Livy has some interesting comments on how the Romans dealt with their budget deficit in 214 BCE. Rather than saying that because the treasury was empty and therefore a number officials pretty much had nothing to do, Livy instead writes “Because of the insolvency of the treasury, the censors were freed from the contracting out of public works, and they turned their attention to regulating morality and chastening the vices that had arisen from that war” (24.18). One of the other interesting tales that he tells is that the censors were approached by “the owners of the slaves whom Tiberius Sempronius had freed at Beneventum. These said that they had been summoned by the three directors of the exchequer to be compensated for the slaves, but that they would not take the compensation until the war was over” (24.18). This is a pretty curious affair as Livy had pointed out earlier that the state had bought these slaves from their owners at rather a large expense. Had the state merely rented these slaves? Is Livy attempting to combine two different accounts of the volones?

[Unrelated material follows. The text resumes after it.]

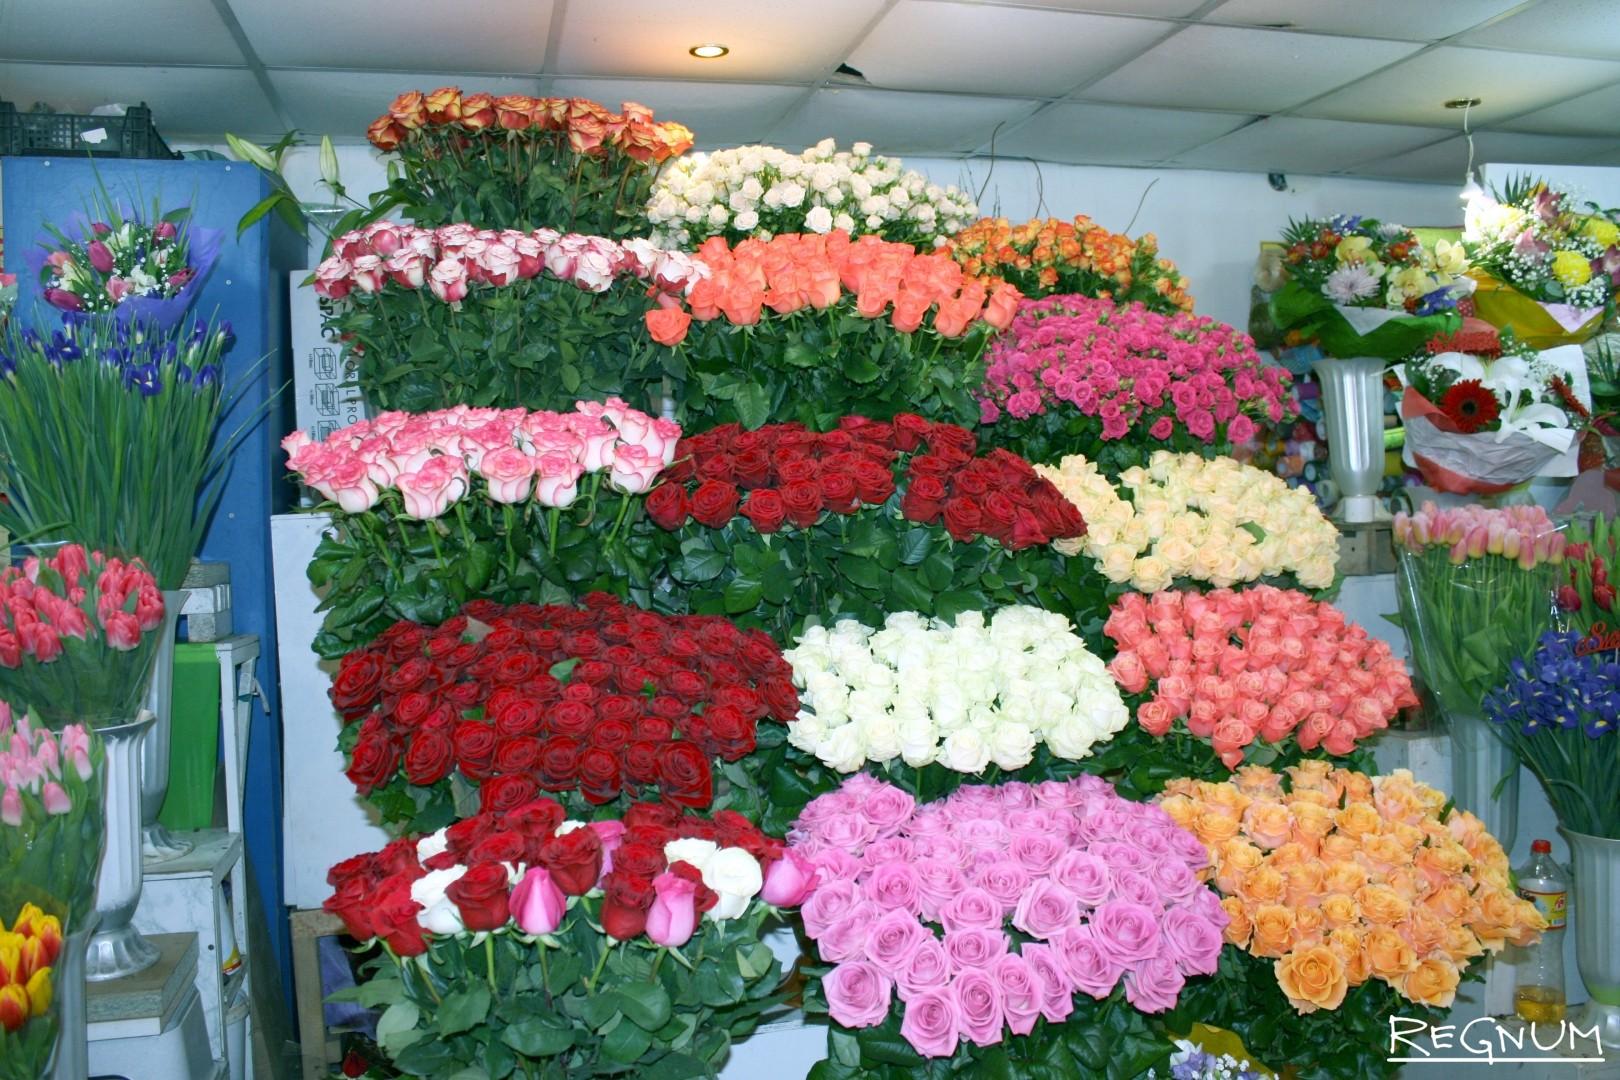 Доставка цветов со склада в москва недорого, букете цветов

I haven’t looked into Livy’s sources on the volones yet, but he does make one of his sources explicitly clear: a painting commissioned by Tiberius Sempronius Gracchus after his success at Beneventum:
“The people of Beneventum all came streaming out in a crowd to meet them at the gates. They hugged the soldiers, congratulated them, and offered them hospitality. Dinners had been made ready in the forecourts of their houses by all the citizens; and to these they invited soldiers, begging Gracchus to give his men permission, but on condition that everyone eat in public, all the hosts before their own doors. Everything was then brought out. The slave volunteers dined wearing caps, or had fillets of white wool on their heads. Some were reclining and others standing, the latter serving food and eating at the same time. The event seemed worthy of a picture, and so on his return to Rome Gracchus had a painting of that festive day made in the temple of Liberty which his father had had constructed and had dedicated on the Aventine.” (24.16)
In this passage Livy’s method proceeds in pretty much the opposite direction of a modern history: whereas a modern history would state his or her source first, and then build a description upon that source, Livy instead gives his elaborate and very visual description of the Beneventum feast and only indirectly hints that he is basing this description on a painting that he himself has seen. It seems almost certain that Livy’s account of the slaves’ dress, how some of them are standing and others are lounging, are from this painting. Other aspects of his description are likely interpretations of this painting, either his own, a local expert, or possibly an inscription, such as the detail of how Gracchus had required them all to eat in public. More doubtful readers/viewers such as modern audiences would see that as an extraneous reason for a painter to justify painting a feasting army outdoors rather than indoors.
It seems possible to me that Livy used this painting to justify other details about the volones. I mentioned in post 67 how Gracchus eventually decides to punish the cowardly slaves by making them eat the rest of their meals in the war standing up. Such a story sounds like an explanation for why some of the slaves in this painting are standing and others are sitting.
I haven’t looked into Livy’s sources on the volones yet, but he does make one of his sources explicitly clear: a painting commissioned by Tiberius Sempronius Gracchus after his success at Beneventum:
“The people of Beneventum all came streaming out in a crowd to meet them at the gates. They hugged the soldiers, congratulated them, and offered them hospitality. Dinners had been made ready in the forecourts of their houses by all the citizens; and to these they invited soldiers, begging Gracchus to give his men permission, but on condition that everyone eat in public, all the hosts before their own doors. Everything was then brought out. The slave volunteers dined wearing caps, or had fillets of white wool on their heads. Some were reclining and others standing, the latter serving food and eating at the same time. The event seemed worthy of a picture, and so on his return to Rome Gracchus had a painting of that festive day made in the temple of Liberty which his father had had constructed and had dedicated on the Aventine.” (24.16)
In this passage Livy’s method proceeds in pretty much the opposite direction of a modern history: whereas a modern history would state his or her source first, and then build a description upon that source, Livy instead gives his elaborate and very visual description of the Beneventum feast and only indirectly hints that he is basing this description on a painting that he himself has seen. It seems almost certain that Livy’s account of the slaves’ dress, how some of them are standing and others are lounging, are from this painting. Other aspects of his description are likely interpretations of this painting, either his own, a local expert, or possibly an inscription, such as the detail of how Gracchus had required them all to eat in public. More doubtful readers/viewers such as modern audiences would see that as an extraneous reason for a painter to justify painting a feasting army outdoors rather than indoors.
It seems possible to me that Livy used this painting to justify other details about the volones. I mentioned in post 67 how Gracchus eventually decides to punish the cowardly slaves by making them eat the rest of their meals in the war standing up. Such a story sounds like an explanation for why some of the slaves in this painting are standing and others are sitting.